Cafu: a bola une os países!
No começo da noite de 29 de outubro de 2013, um dos maiores jogadores da história conversou com Princípios sobre o papel social do esporte, especialmente o futebol. Durante quase uma hora de conversa ele passou por sua história, falou dos seus projetos sociais e comentou a importância da realização da Copa do Mundo de 2014 no Brasil

Marcos Evangelista de Morais nasceu em 7 de junho de 1970, em plena Copa do Mundo, no dia em que o Brasil ganhou da Inglaterra por um a zero, gol de Jairzinho. Naquele momento a enfermeira arriscou um chute: Nasceu um jogador de futebol! E acertou - aquele bebê que acabara de vir à luz seria um dos maiores jogadores da história do futebol, capitão da Seleção Brasileira. -Eu já nasci com um DNA de futebol, um DNA de Seleção Brasileira-, constata Marcos.

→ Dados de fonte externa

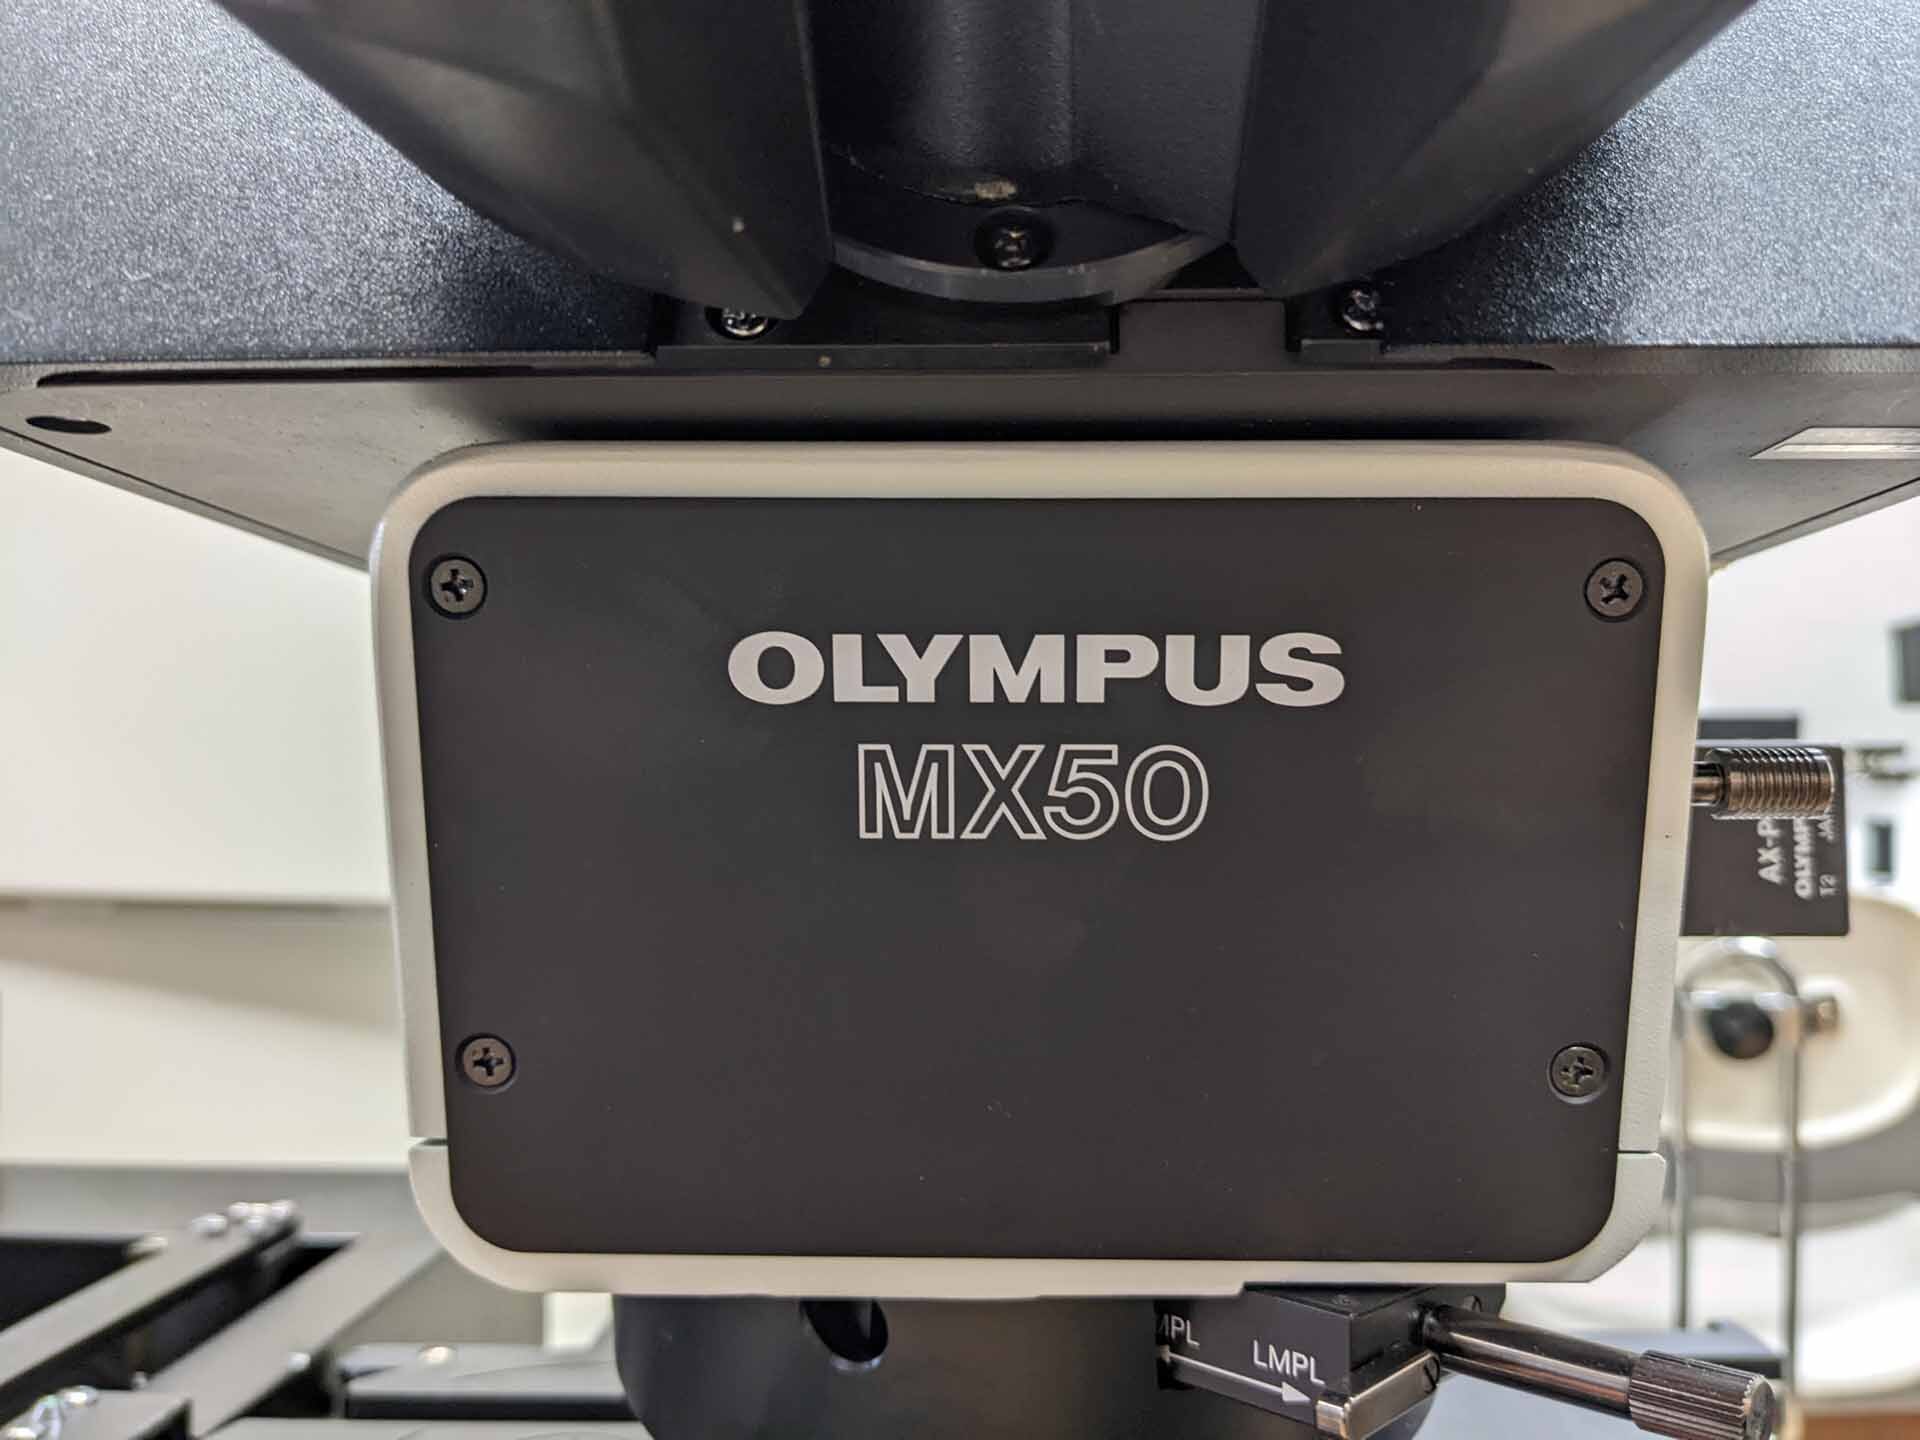 图为 已使用的 OLYMPUS MX50A-F 待售

Os primeiros chutes aconteceram no Jardim Irene, bairro da Zona Sul paulistana. Depois Marcos passou por clubes da região, como o Juventude, o Guarani e o Vasquinho, e chegou ao Nacional da Comendador Sousa, ao Itaquaquecetuba e foi ser profissional no São Paulo Futebol Clube. Jogava na ponta direita e, segundo seus companheiros, lembrava Cafuringa, jogador do Fluminense, do Rio de Janeiro, que fez história na posição. Foi rebatizado com o nome de Cafu, com o qual ficaria famoso.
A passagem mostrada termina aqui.